Pete Buttigieg is out and about in Silicon Valley raising a large seed-round for the Democratic presidential primary election. As the Guardian reported, the 37 year-old hopeful is perforating deep into wealthy venture capitalist networks to finance his run. With his custom-tailored background that spans a Harvard specialization, consulting experience, army experience, command of 7 languages and no command of concrete political convictions, Buttigieg has become a fixture amongst the young, wealthy and technocratic elite in Silicon Valley.
The venture partners and wealthy entrepreneurs who have opened their checkbooks and Rolodexes for Buttigieg fancy themselves as intrepid world-makers. They have fully internalized our neoclassical economic order and the axiom that is capitalism. Yes, these creative, free-thinking pioneers somehow all converge to the same position — that all sorts of industries require disruption; but the system that governs it all, built on rank privatization, deregulation, and an oligarchic politics, is somehow optimal. No disruption tolerated here. Despite this myopic model of the world, one shaped by their hyper-specializations and a privatized media, they consider themselves to be astute learners out to create the world of tomorrow. A herd of independent minds, very good at remembering the future.

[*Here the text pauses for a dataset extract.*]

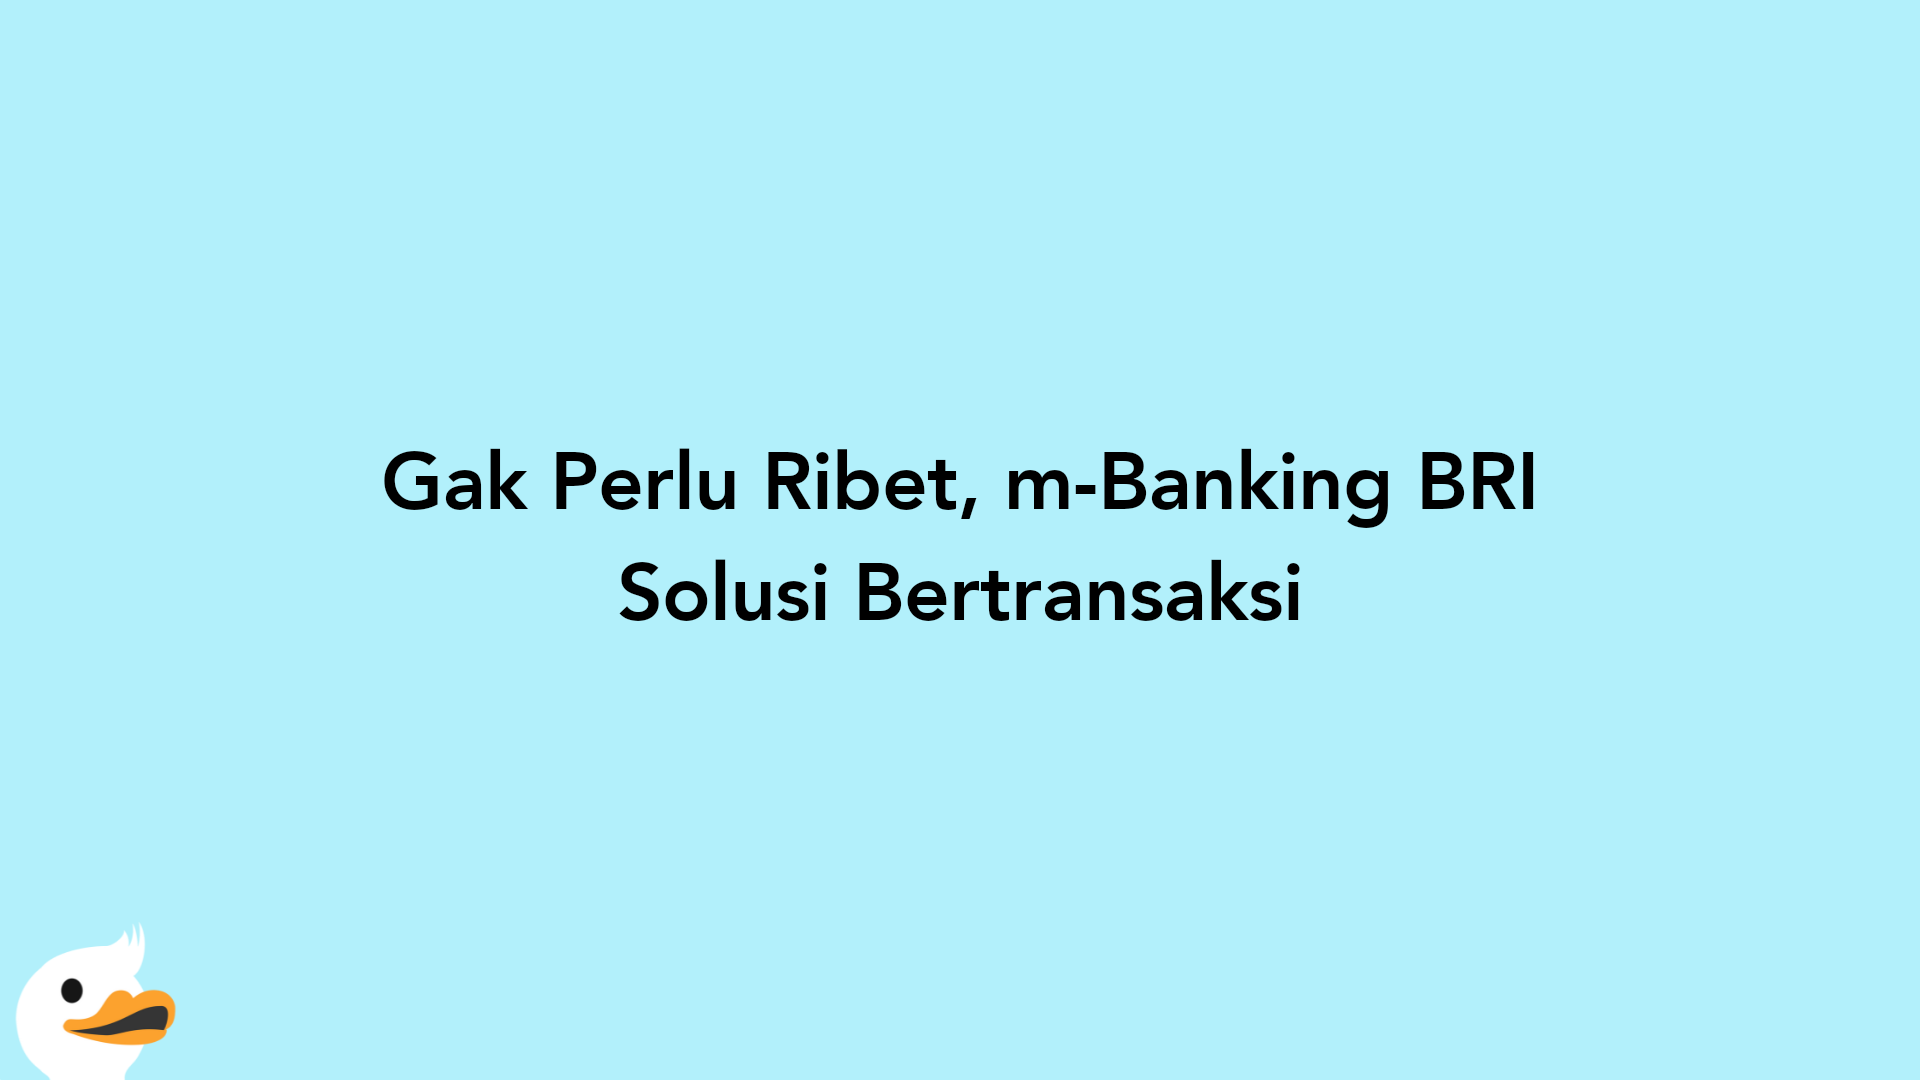 Gak Perlu Ribet, m-Banking BRI Solusi Bertransaksi

Pete Buttigieg fits right in with this herd, and the term sheets have been signed.
In true Silicon Valley style, a veil of disruption conceals Buttigieg’s stale ideas. On the surface, Buttigieg is fresh — he’s young and gay. He is adept in data-driven leadership for the 21st century. It is between these superficial details and assumptions about his politics that a leap of faith is made. Buttigieg practices the old tabula rasa approach to politics. He likes to produce vacuous soundbites that listeners autotune to their favorite songs, and generate ostensible policy commitments out of thin air. As he has explained, there is not a sufficient focus on “values,” and too much focus on policy.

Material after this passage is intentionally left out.